This repository serves as a template for creating Reproducible Analytical Pipeline (RAP) Python projects, complete with fundamental tooling, CI/CD integration, and policy compliance. It is designed to help RAP developers and data engineers get started quickly with standardised tooling, letting them focus on writing analytical code. The template takes care of directory structures, tool configurations, automated testing, and compliance requirements.
This template is generated using Copier, an open source tool for rendering project from templates and natively supports updating projects as the original template matures.
See this demo repository for an example created from this template.
- Features
- Getting Started
- Updating Project with Template Changes
- Structure
- Design Decisions
- Alternatives Software/Tools
- Future Plans
- Contributing
- License
This template includes comprehensive features to help you get started developing RAP Python projects quickly:
- Modern Python with Poetry for dependency management
- Standardised on Poetry only for consistency across ONS projects
- Lockfile support for reproducible builds
- Modular ETL pipeline components (extract, transform, load)

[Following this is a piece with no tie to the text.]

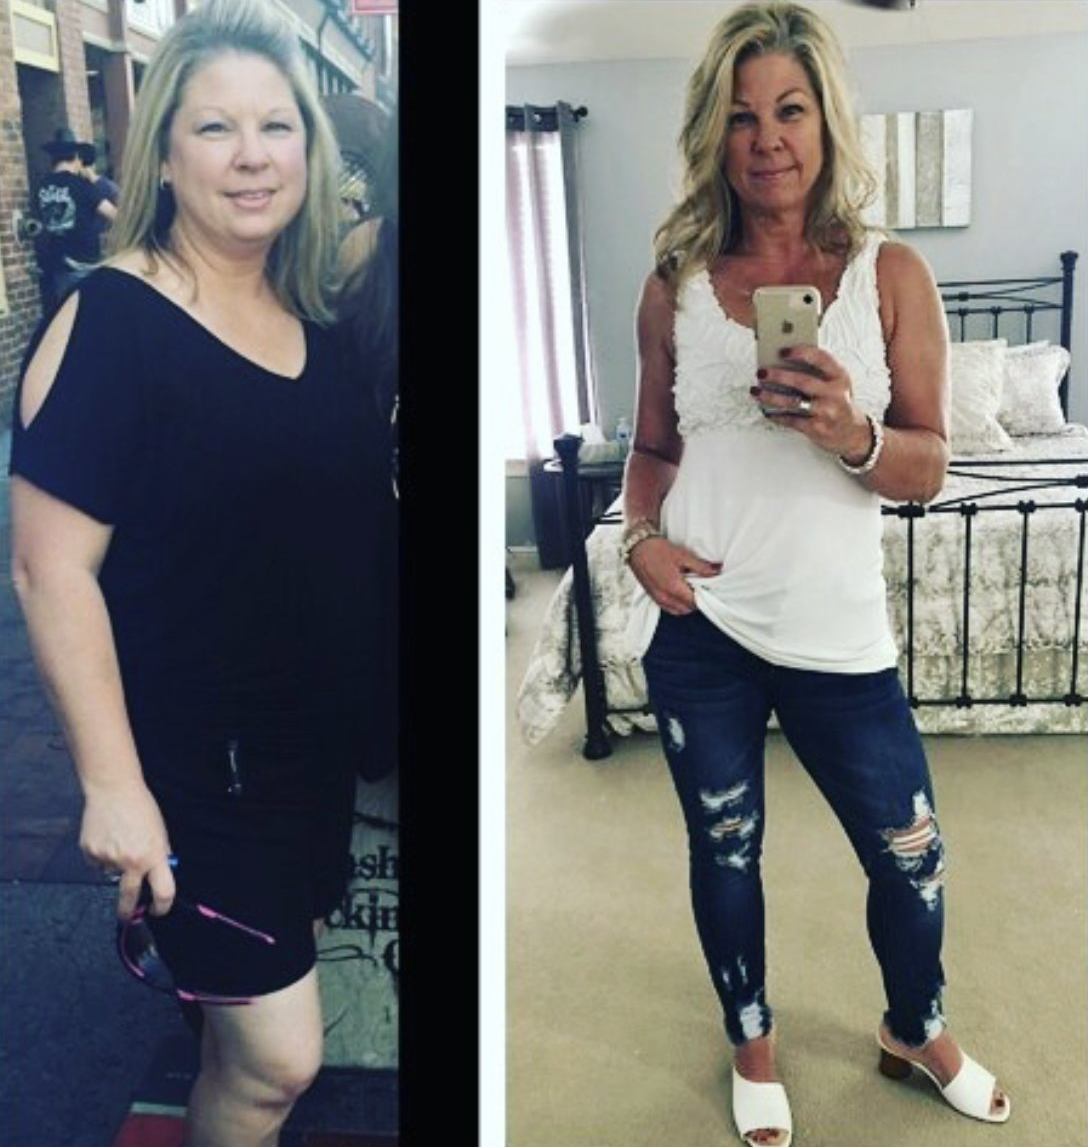 Image of Lisa Friedl before and after joining
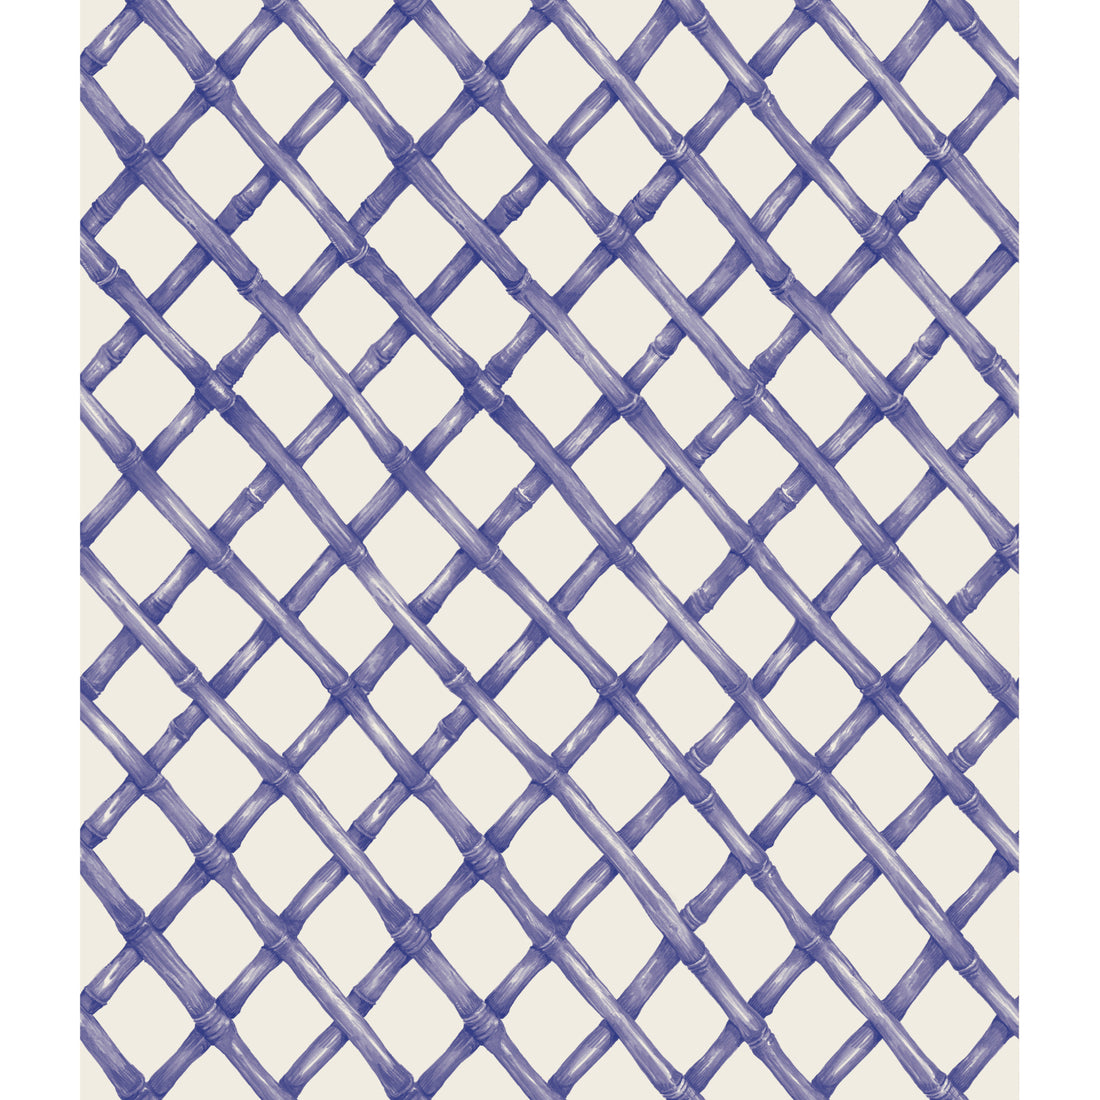 Hester &amp; Cook Blue Lattice Wallpaper featuring a diagonal crisscross pattern with lines on a light background, designed to be mold and mildew resistant.

- Example data processing workflows
- Comprehensive logging and error handling
- Configurable data transformation rules
- Ruff for fast linting and formatting
- MyPy for static type checking
- pytest with coverage reporting
- Pre-commit hooks for automated quality checks
- Bandit security scanning
- Secret detection with detect-secrets
- Enhanced .gitignore with security patterns
- Full ONS Policy Compliance:
- GitHub Usage Policy compliance
- Software Coding Policy adherence
- Software Development Guidelines alignment
- Comprehensive GitHub Actions workflows
- VS Code devcontainer with recommended extensions
- Automated testing, linting, security scanning, and type checking
- Branch protection and code review requirements
- Architectural Decision Records (ADRs) for significant choices
- Comprehensive documentation templates
- British spelling and ONS standards
- govcookiecutter alignment
You have two options for project generation from this template:
- GitHub Template Feature: Utilise the Use this template feature on GitHub to create a new repository based on this template directly from the web interface. While convenient and fast, this method offers limited customisation options compared to local generation.
- Running Copier Locally: Use Copier locally to tailor the template to your specific requirements. This method allows for further customisation according to your project's needs and automatically set up the repository and branch protection.
Note
DO NOT FORK this repository. Instead, use the Use this template feature.
To get started:
- Click on Use this template
- Name your new repository and provide a description, then click Create repository. Note: the repository name
should be lowercase and use hyphens (
-) instead of underscores. - GitHub will now copy the contents over and GitHub Actions will process the template and commit to your new repository shortly after you click Create repository.
- Wait until the "Rename Project from Template" job in GitHub Actions finished running!
- Once the Rename Project from Template action has run, you can clone your new repository and start working on your project. π
- Some GitHub Actions workflows will fail on the first run post-clone since the repository will not be fully configured until the "Rename Project from Template" job has finished running. This is expected behaviour and can be safely ignored. Subsequent runs will not have this issue.
-
Python 3.10+: We recommend using pyenv for managing Python versions.
-
Copier: Install Copier using pip or pipx.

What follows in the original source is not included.